### Data segment
=== Begin Enclosure ===
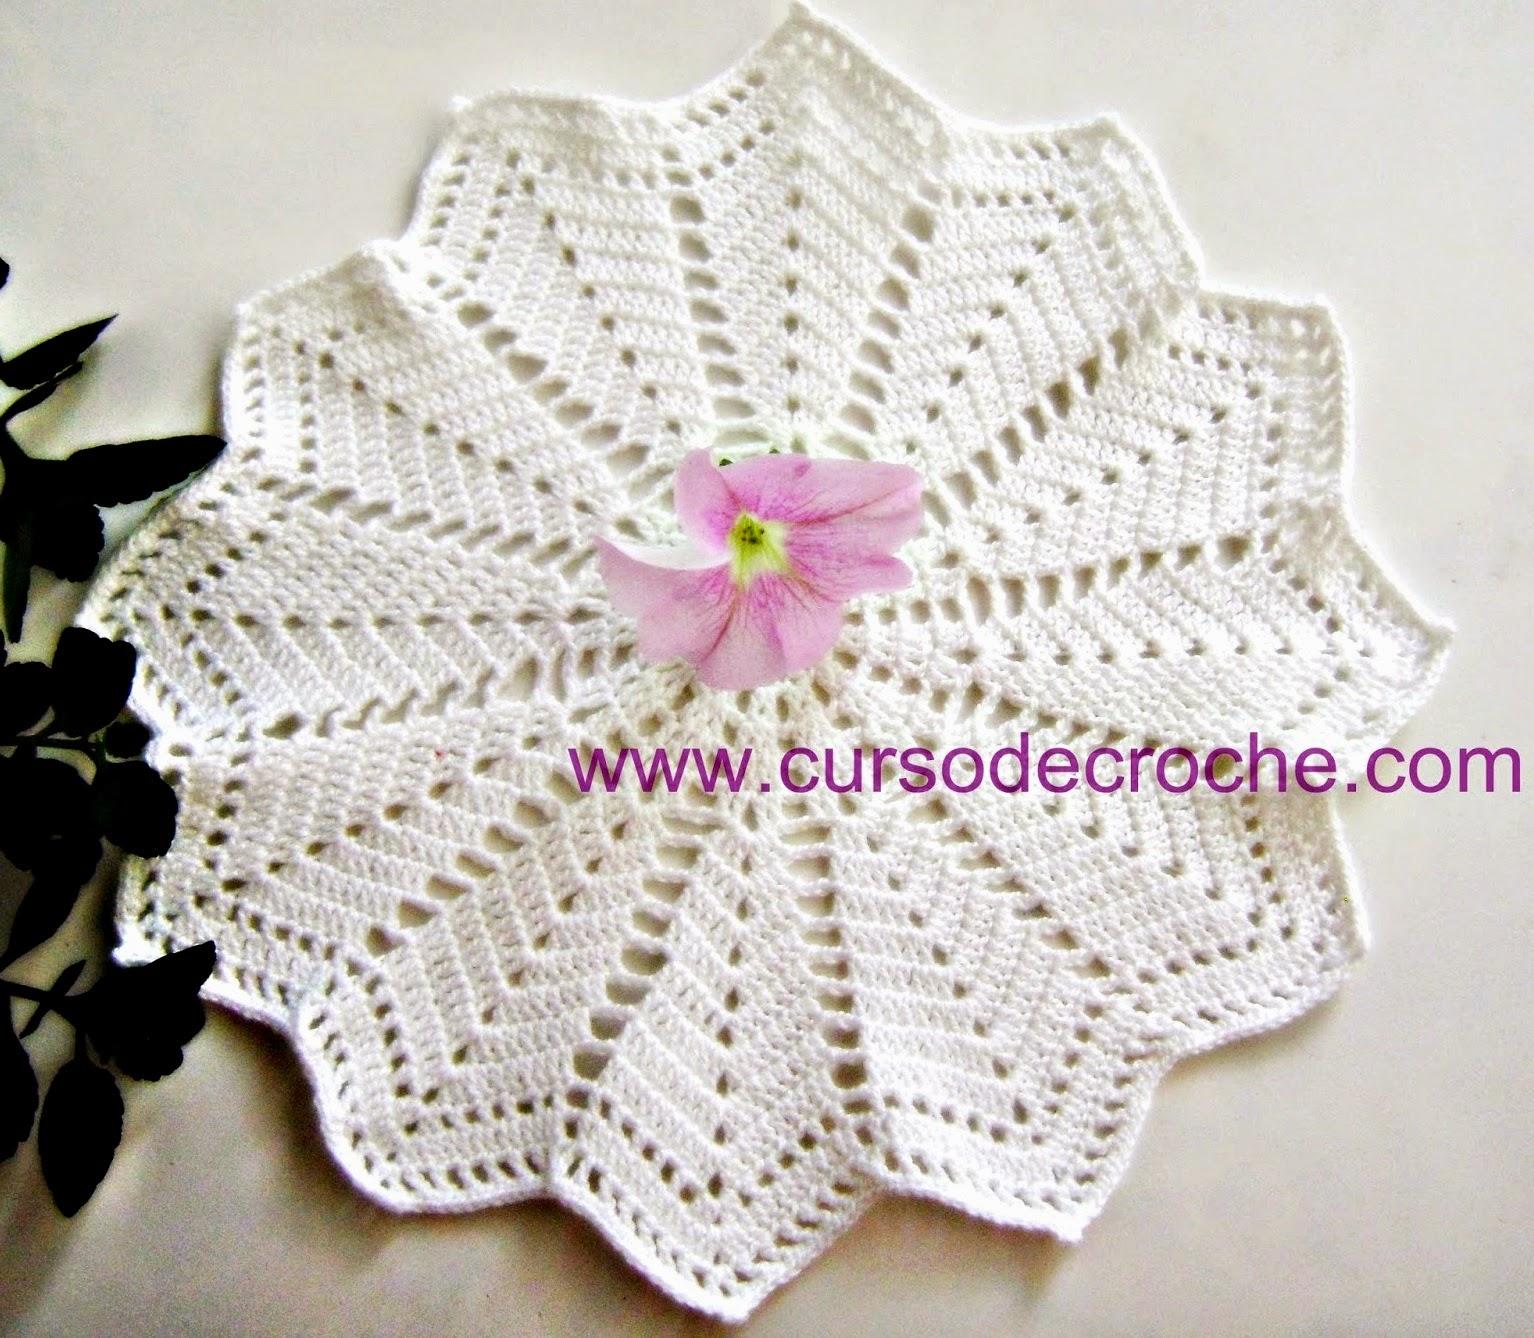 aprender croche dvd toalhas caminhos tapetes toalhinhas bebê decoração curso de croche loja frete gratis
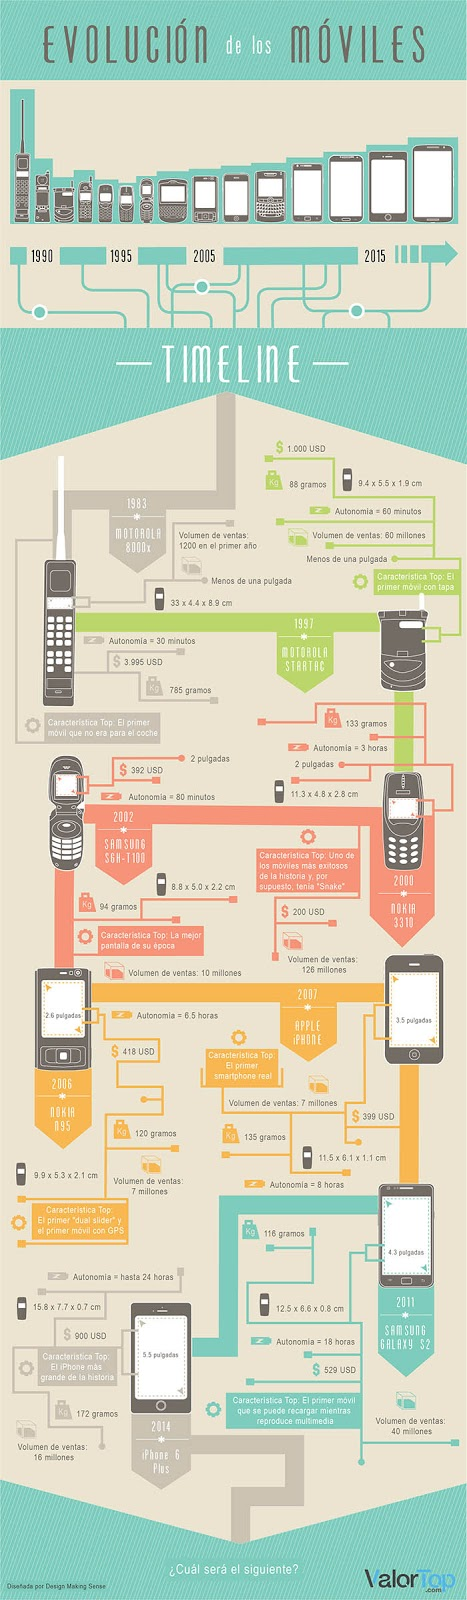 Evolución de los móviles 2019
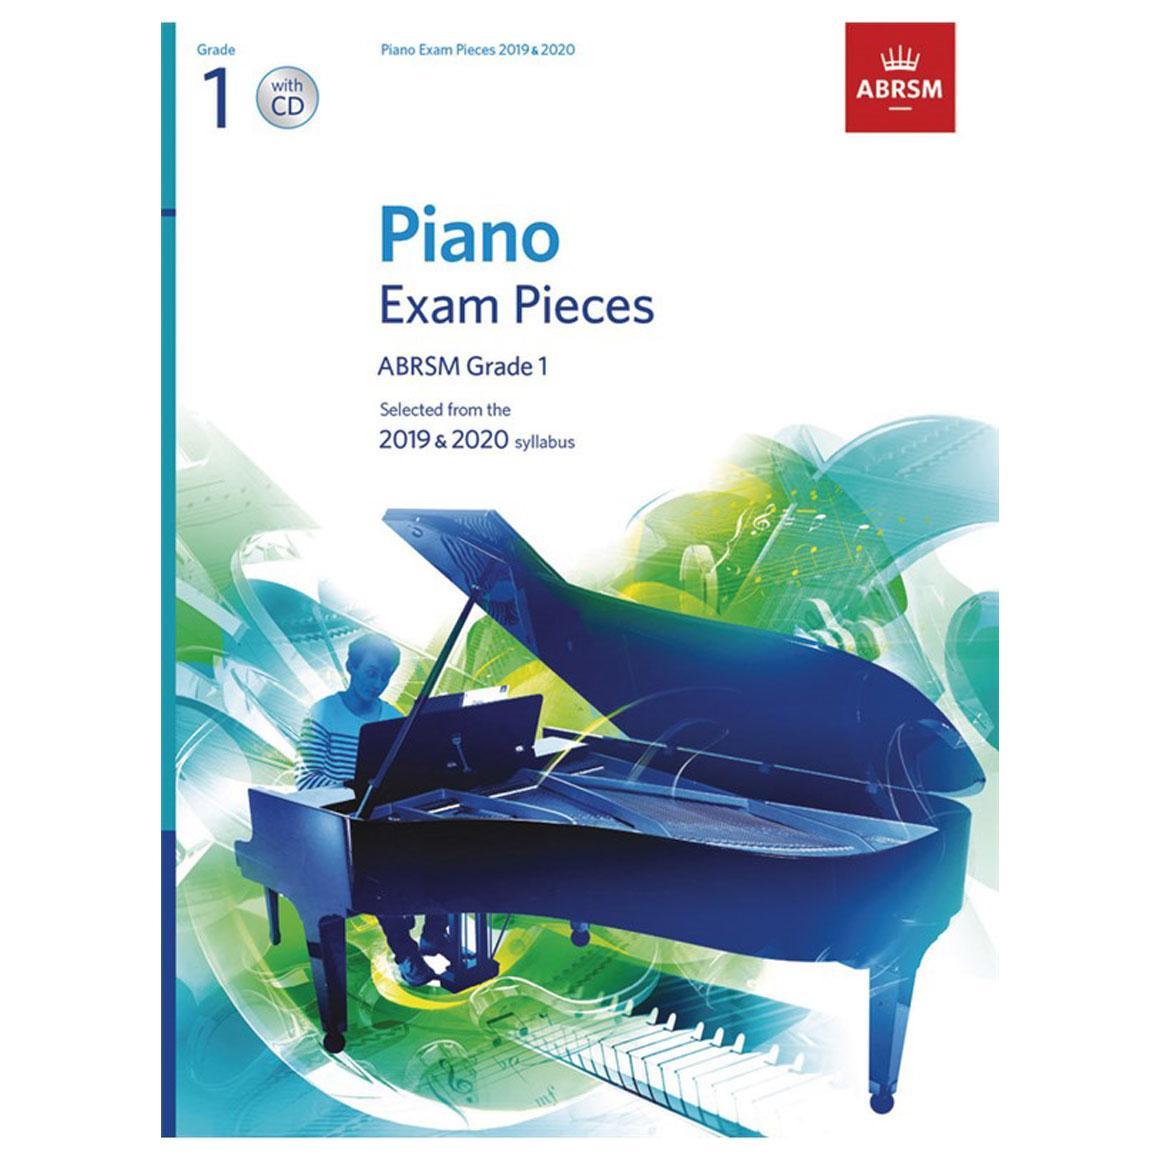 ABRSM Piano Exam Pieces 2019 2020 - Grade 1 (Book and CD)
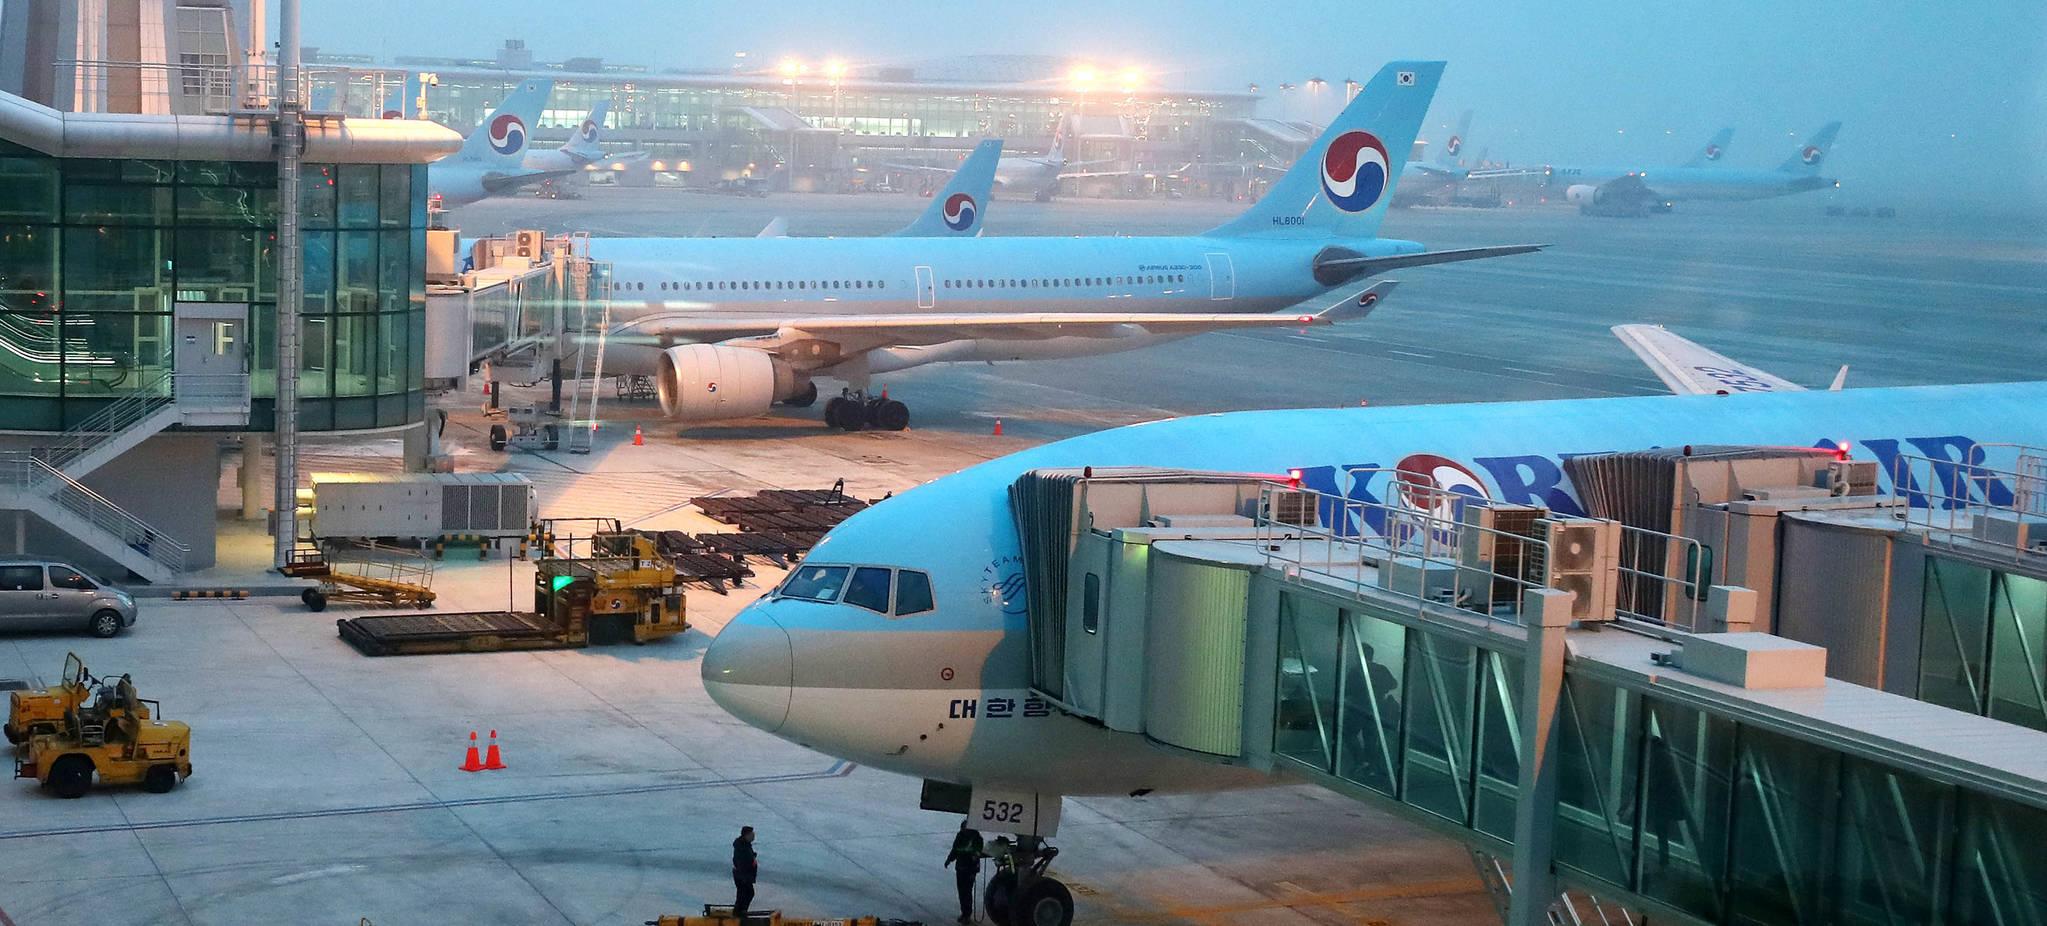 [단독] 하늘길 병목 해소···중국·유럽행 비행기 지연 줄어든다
=== End Enclosure ===
### Task goal
The copy must match the listing above exactly but contain no pictures.

### Output of the task
 aprender croche dvd toalhas caminhos tapetes toalhinhas bebê decoração curso de croche loja frete gratis
 Evolución de los móviles 2019
 ABRSM Piano Exam Pieces 2019 2020 - Grade 1 (Book and CD)
 [단독] 하늘길 병목 해소···중국·유럽행 비행기 지연 줄어든다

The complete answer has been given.